Using the data that follows, give again word for word the lines between the one holding "Gebruikershandleiding" and the one holding "Versie: 7.1", inclusive. Omit the pictures.

**DATA TO PROCESS**.
┄┄┄┄┄┄┄┄┄┄

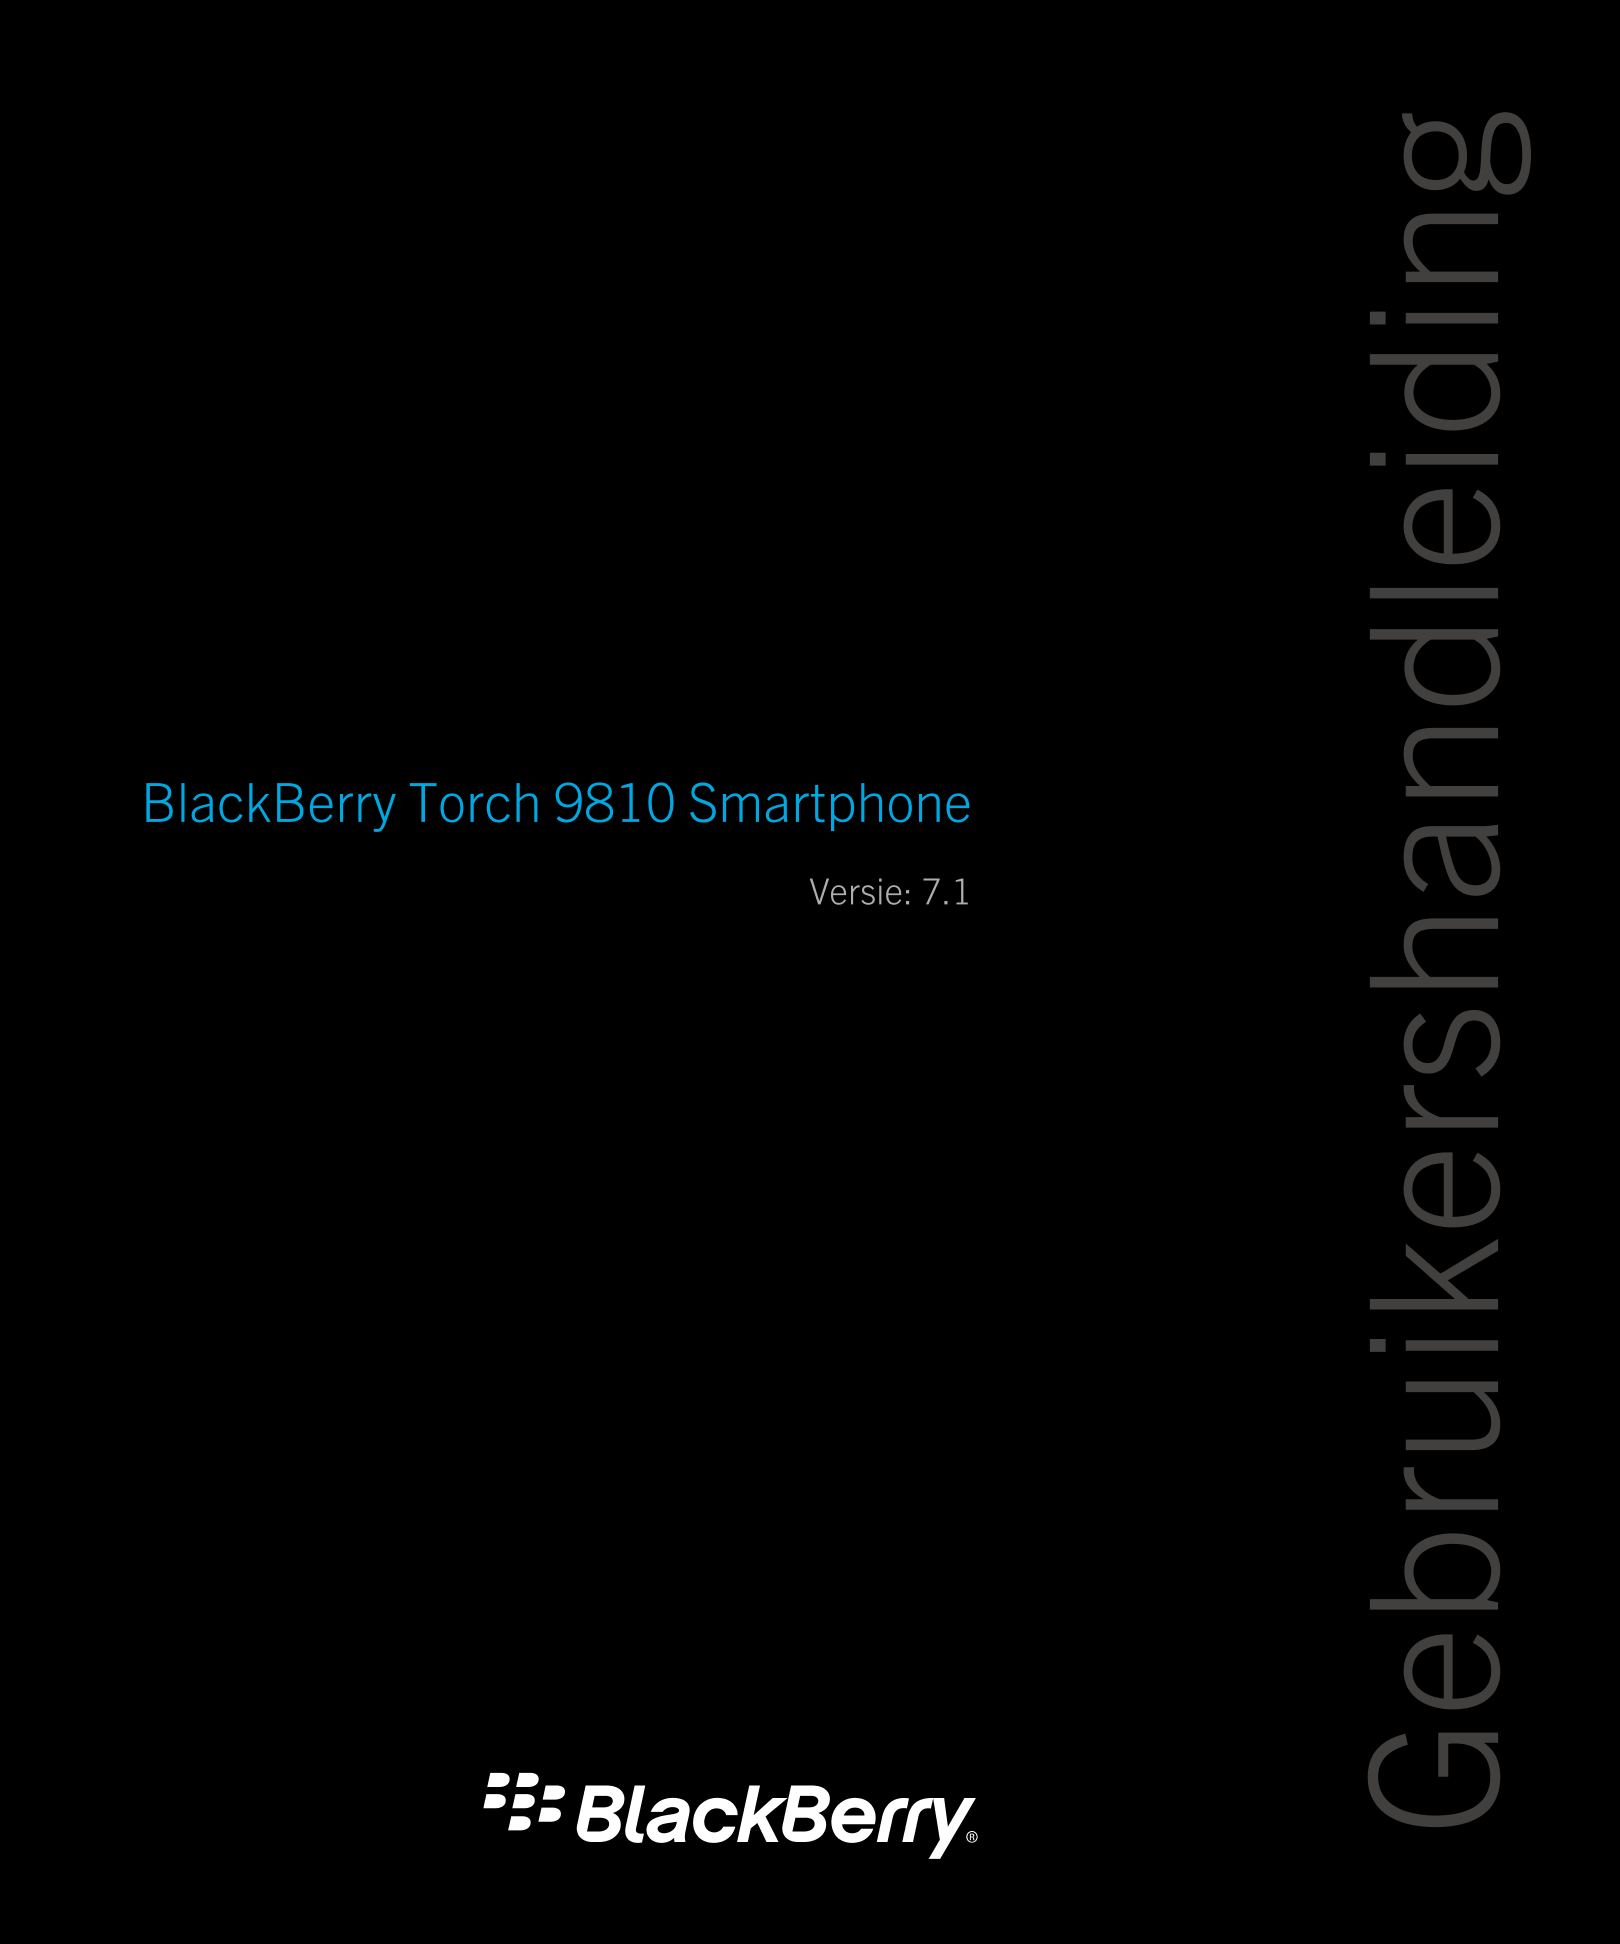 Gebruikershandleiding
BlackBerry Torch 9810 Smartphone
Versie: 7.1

┄┄┄┄┄┄┄┄┄┄

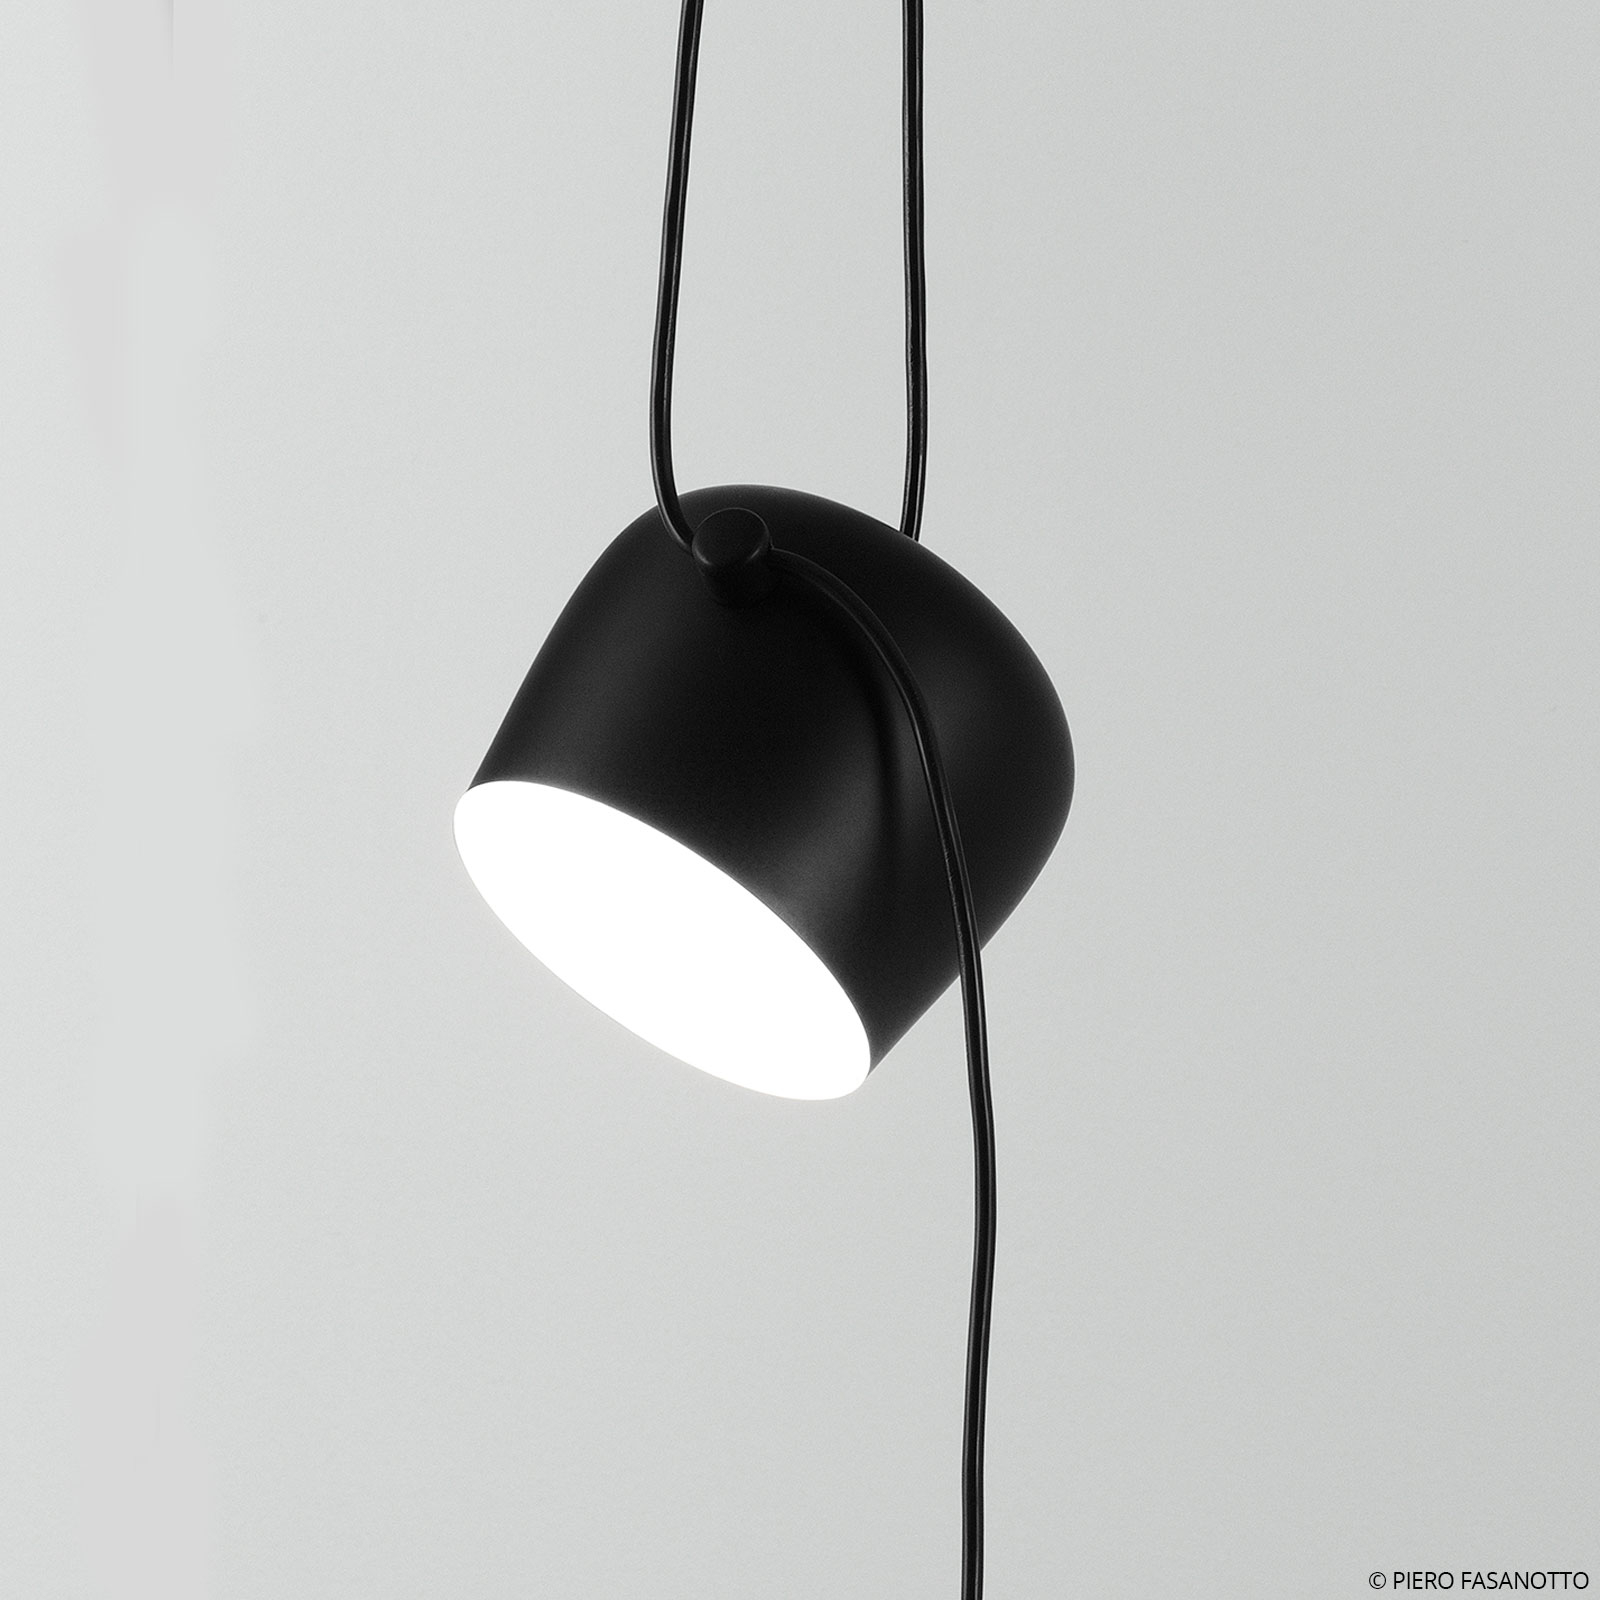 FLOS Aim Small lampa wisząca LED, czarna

┄┄┄┄┄┄┄┄┄┄

**EXERCISE RESPONSE**.
 Gebruikershandleiding
BlackBerry Torch 9810 Smartphone
Versie: 7.1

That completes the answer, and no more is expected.